To foster strategic dialogue and action-oriented collaboration among key stakeholders in Africa’s digital ecosystem, with the goal of leveraging digital economy and innovation to boost intra-Africa trade, accelerate economic transformation, and support inclusive, sustainable development.

* Promote Digital Trade: Identify mechanisms and policy actions to enable seamless cross-border digital commerce and integration under AfCFTA.

* Foster Innovation and Fintech: Advance inclusive fintech ecosystems and support innovation-driven entrepreneurship, especially among youth and women.

* Policy and Regulatory Harmonization: Build consensus on regional and continental digital regulatory frameworks to foster trust, security, and interoperability.

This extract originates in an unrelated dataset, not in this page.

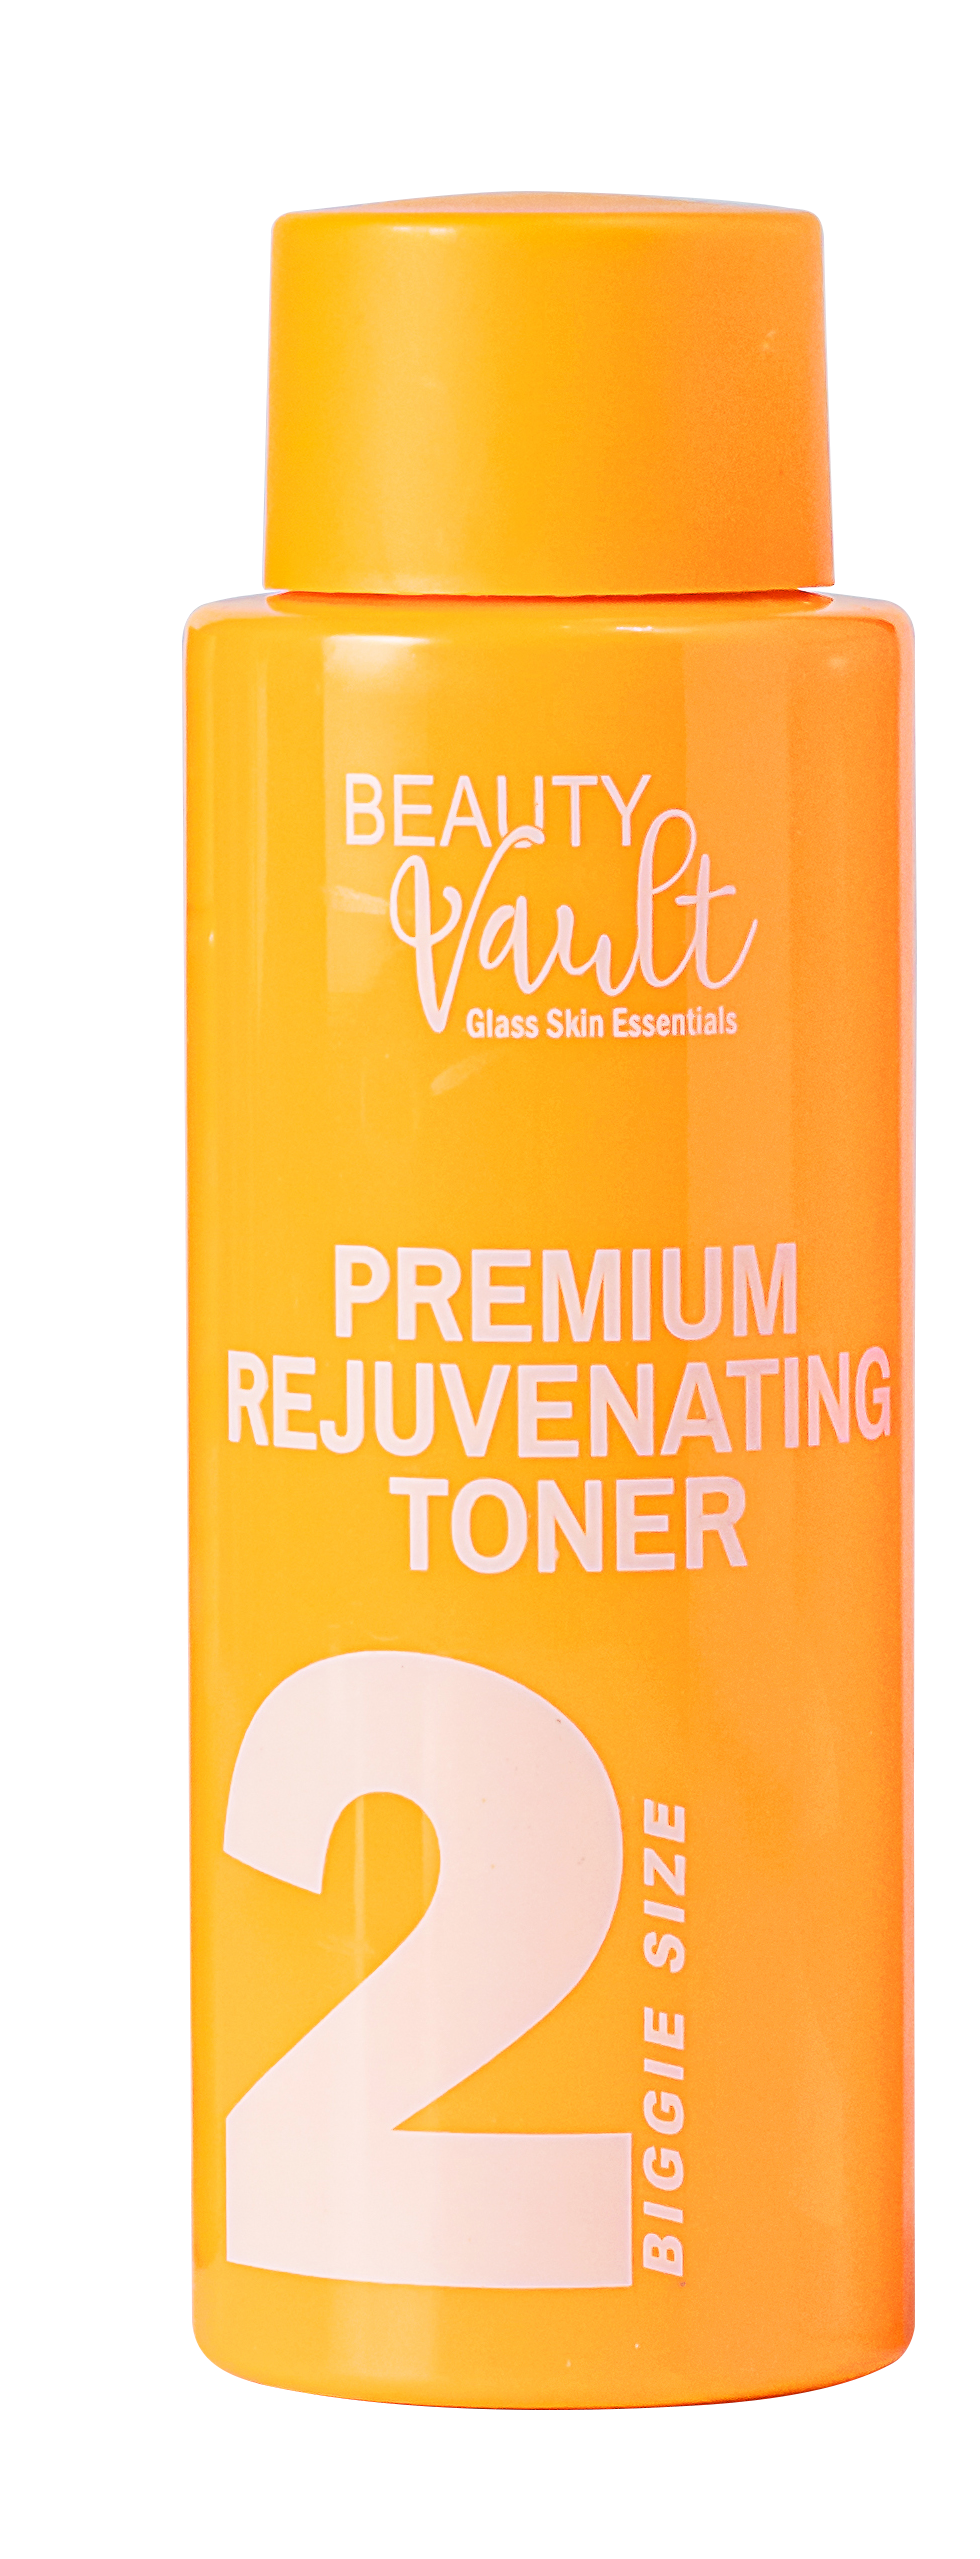 Beauty Vault Premium Rejuvenating Toner in 120ml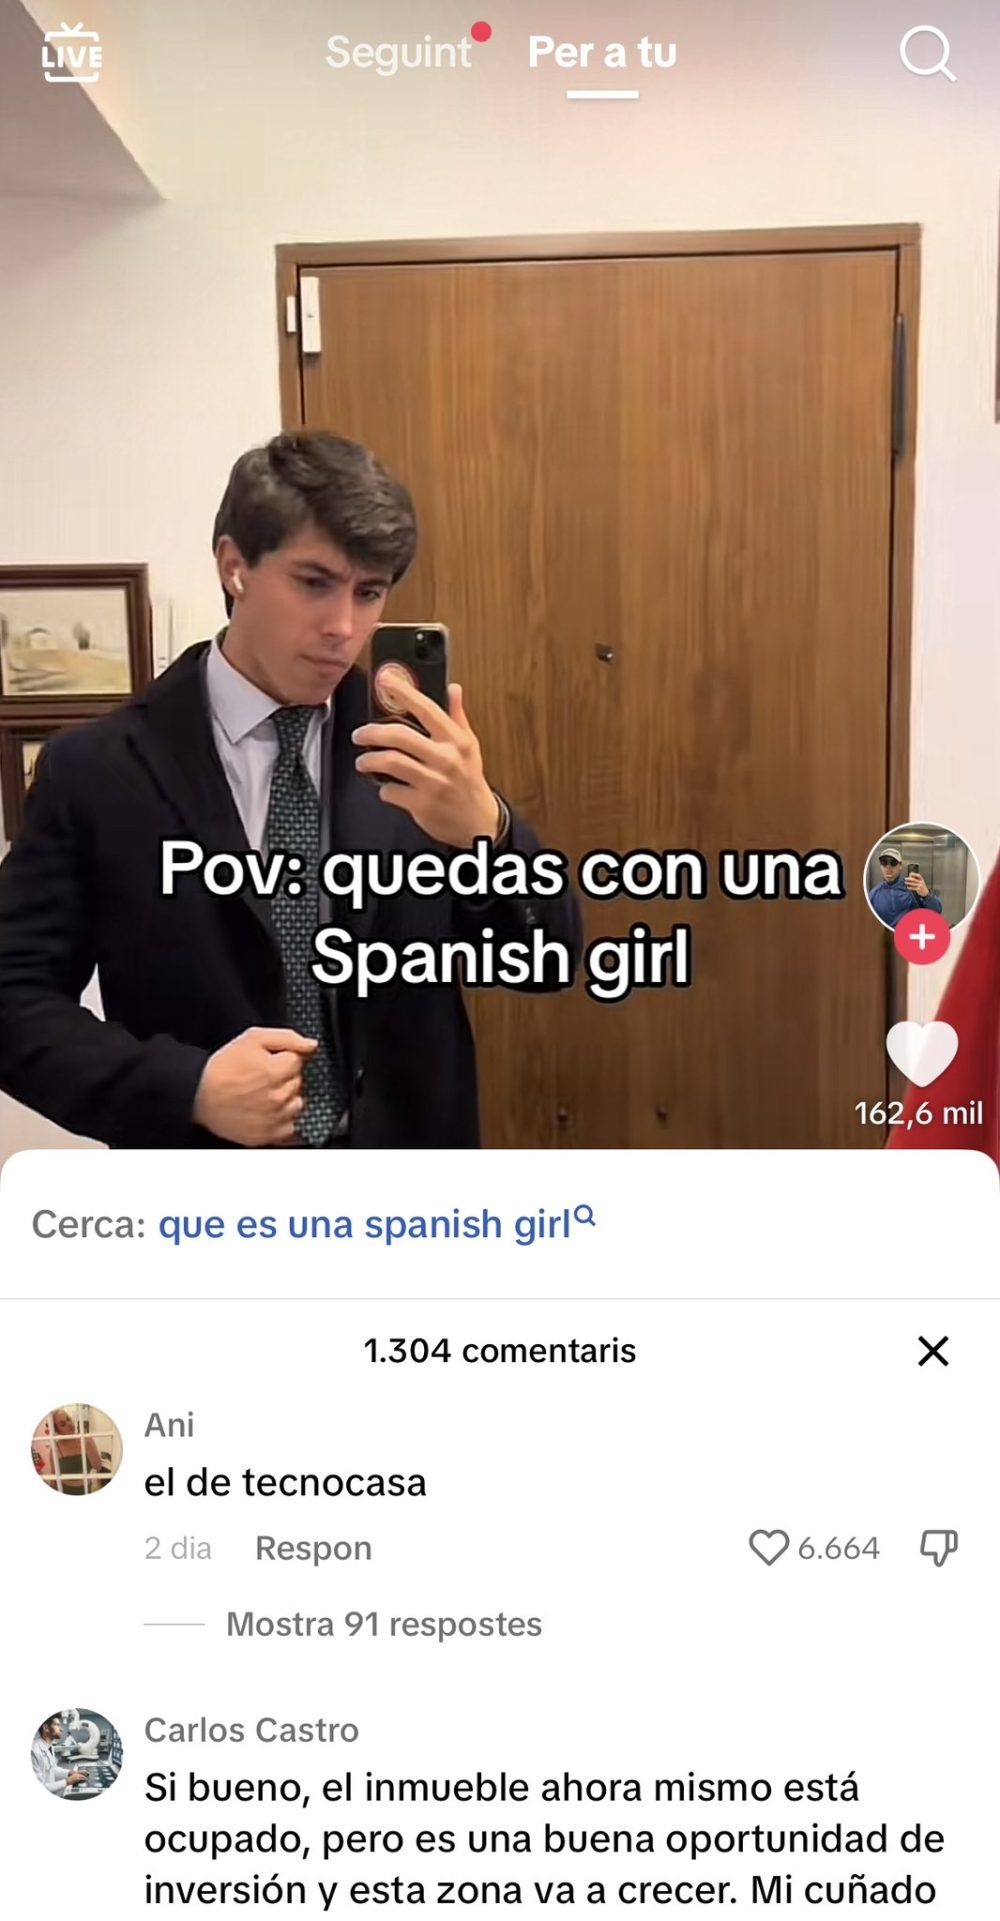 "POV: Quedas con una spanish girl"

* Encourage Investment and Public-Private Partnerships: Strengthen collaboration between governments, private sector, and development partners to invest in digital infrastructure, R&D, and skills development.

* Advance Digital Inclusion and Sustainability: Ensure that digital transformation contributes to environmental sustainability and the empowerment of marginalized communities.

The AU Private Sector Forum has held several forums, with key recommendations. These recommendations provide valuable insights into the challenges and opportunities facing the African private sector and offer guidance for policymakers on how to support its growth and development.